Microsoft Corp. late Wednesday countered claims by the U.S. Computer Emergency Readiness Team (US-CERT) that its advice for disabling Windows' Autorun feature was flawed, prompting US-CERT to update an alert that it had issued earlier in the day.
"US-CERT has updated their post about Autorun, pointing to Microsoft Knowledge Base (KB) Article 953252," said Microsoft spokesman Bill Sisk in an e-mail. "This KB article was published in May 2008."
The support document Sisk referred to, titled "How to correct 'disable Autorun registry key' enforcement in Windows," acknowledged that Microsoft's older guidelines "did not correctly disable Autorun features" and told users to download an update to make the registry tweak work.
Sisk was responding to questions posed after US-CERT -- the U.S. Department of Homeland Security's cybersecurity coordination group -- said Microsoft's instructions for turning off Autorun were "not fully effective" and "could be considered a vulnerability."
Microsoft's Autorun recommendations, said US-CERT then, were important because of the rapid spread of "Downadup," a worm that has infected an estimated 6% of all PCs worldwide. Downadup, which has received considerable attention because it exploits a bug that Microsoft patched with an emergency fix in October 2008, can also spread through USB devices such as flash drives using Windows' Autorun and Autoplay features.

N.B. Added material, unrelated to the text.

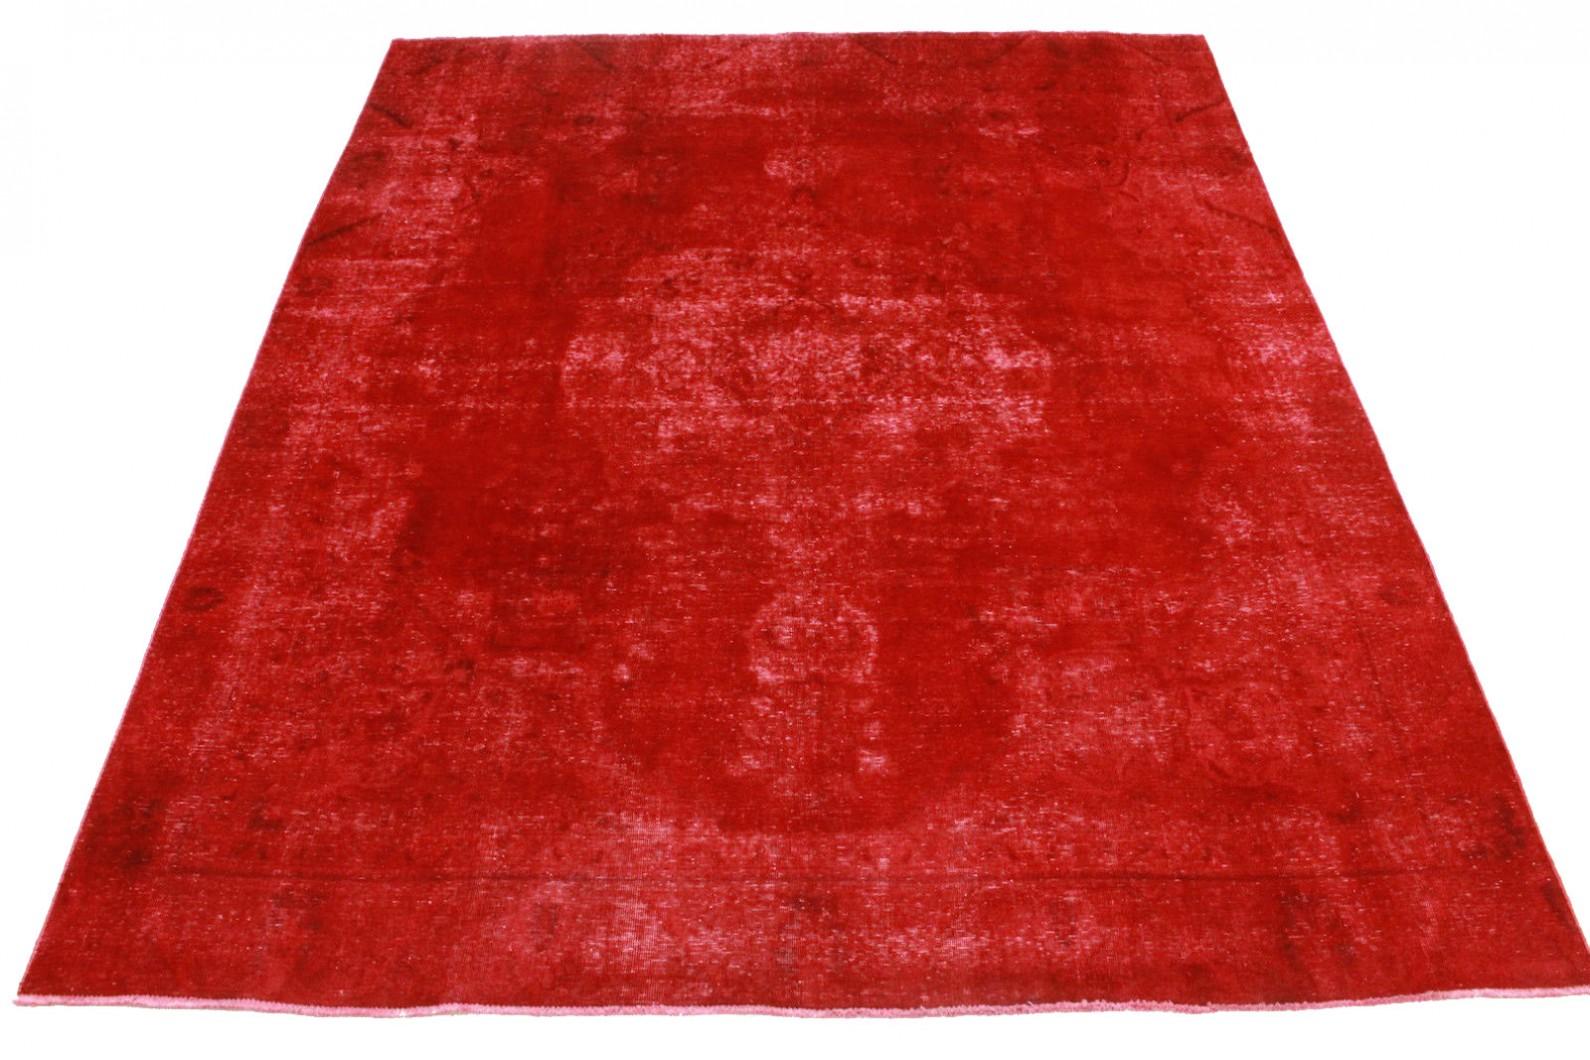 Vintage Teppich Rot in 360x290cm (1 / 11)
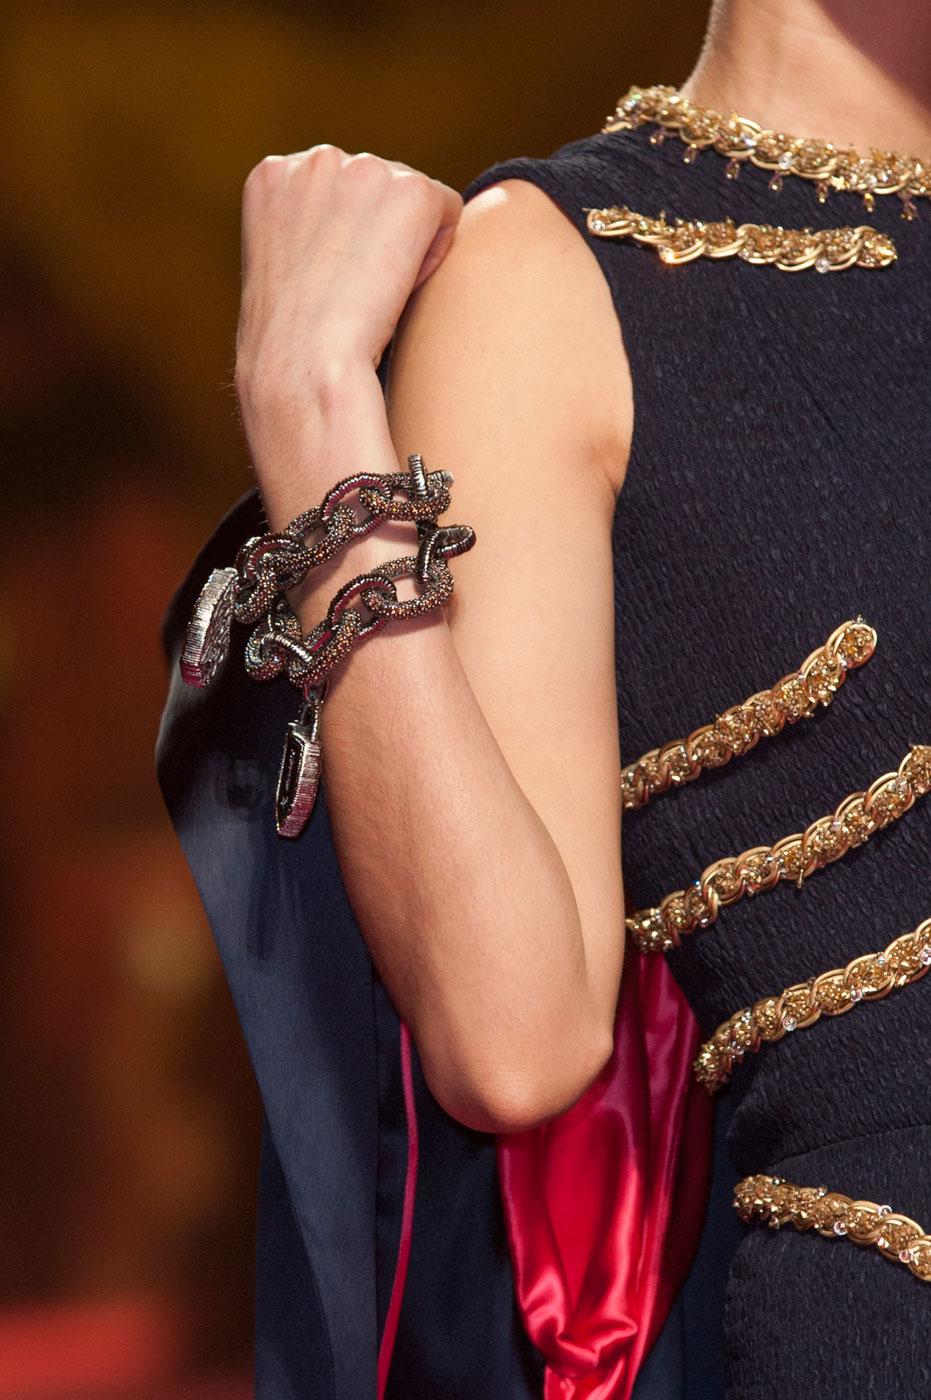 Schiaparelli-fashion-runway-show-close-ups-haute-couture-paris-spring-summer-2015-the-impression-12

US-CERT modified its Wednesday alert to acknowledge that it had overlooked the May support document, but it has not pulled the original warning or altered the title, "Microsoft Windows Does Not Disable AutoRun Properly."
Even as it updated the alert, however, US-CERT said that most Windows users would have to manually go to Microsoft's Web site to grab the KB953252 update.
"Note that this fix has been released via [Windows] Update to Windows Vista and Server 2008 systems as part of the MS08-038 Security Bulletin," said the security organization, talking about a July 2008 patch. "Windows 2000, XP and Server 2003 users must install the update manually."
Microsoft has not issued the KB953252 update to Windows 2000, XP or Server 2003 systems via Windows Update or the corporate-oriented Windows Server Update Services (WSUS).
US-CERT confirmed that the KB653252 update does fix the bug it had pointed out the day before. "Our testing has shown that installing this update and setting the NoDriveTypeAutoRun registry value to 0xFF will disable Autorun," said US-CERT.
Links to the necessary Windows 2000, XP and Server 2003 updates can be found on Microsoft's site.